Death was medicalised with the invention of technology that could better determine time of death, and consequently allow estimation of when patient was untreatable.

Japan - doctors taking organs from not dead enough patients, giving organs to those not in need.

Texas - Doctor was accused by family member of murdering the organ donor. It was decided that the murder was committed by the bludgeoning assailant not the surgeon.

There are also the organ procurement agencies which pressure and incentivise practitioners in the ICU to produce a maximal number of organ donors

INTERVIEWS OF NURSES AND INTENSIVISTS

  • Guidelines were not widely read
  • Consensus about clinical examination for brain death
  • But no clear inference that organ donors are 'dead'
  • Brain death is first step in irreversible path to death
  • Many agree the 'humanity' has left an organism
- Regardless of medical opinion, the general society needed legal framework w/i which to operate. Ethical issues of justice, beneficence and non-maleficence.

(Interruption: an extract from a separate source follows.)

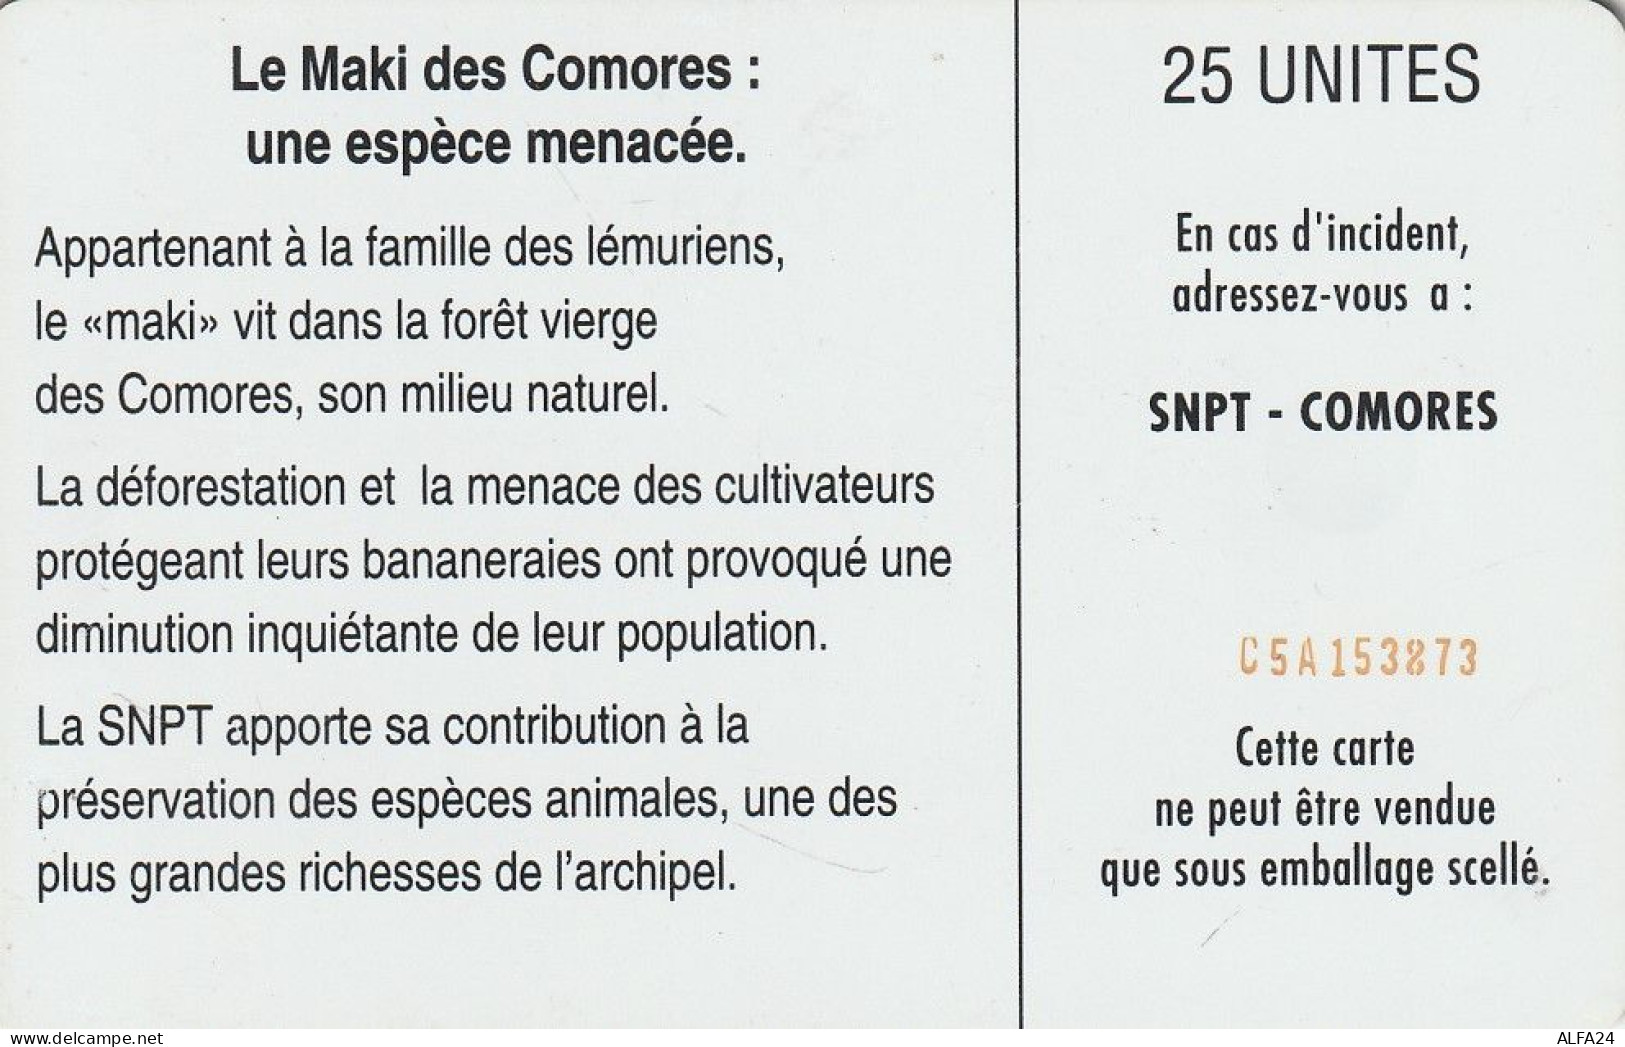 PHONE CARD COMORES  (E3.3.3 - Comoros

-the majority of the 32 intensivists and 8 nurses interviewed in the 1990s had not read official guidelines (North America)

- there was consensus that clinical diagnosis of brain death is straightforward

- also that brain death is the first step to eventual irreversible brain death

- but there is still some doubt. One physician expressed doubts about how 'dead' an organ donor really is. Treatment largely continues as if they are alive, though focus is on organs not patient. Nurses still speak to and care for the body (because of the family, the patient's soul is still near or respect for the dead)

- some must view patient as a vessel for self-protection

- in the end they all approve of organ donation with proper consent

CONCLUSIONS

  • No consensus on whether brain death is end of life
  • 'Gift of life' rhetoric allows peace for families
  • As technology improves more questions will be raised

END

Case Studies

- Transplant of 'dead' heart

http://www.bbc.co.uk/news/health-29751880


- Organ donation from newborn with anencephaly


http://www.bbc.co.uk/programmes/b04b1zlk
Photo by Reigh LeBlanc

QUESTIONS

  • When is someone dead?
  • Do you agree with incentives to produce more donors?
  • Do you need consent to collect someone's organs after death? Whose?
  • What do you think about opt in vs opt out programs?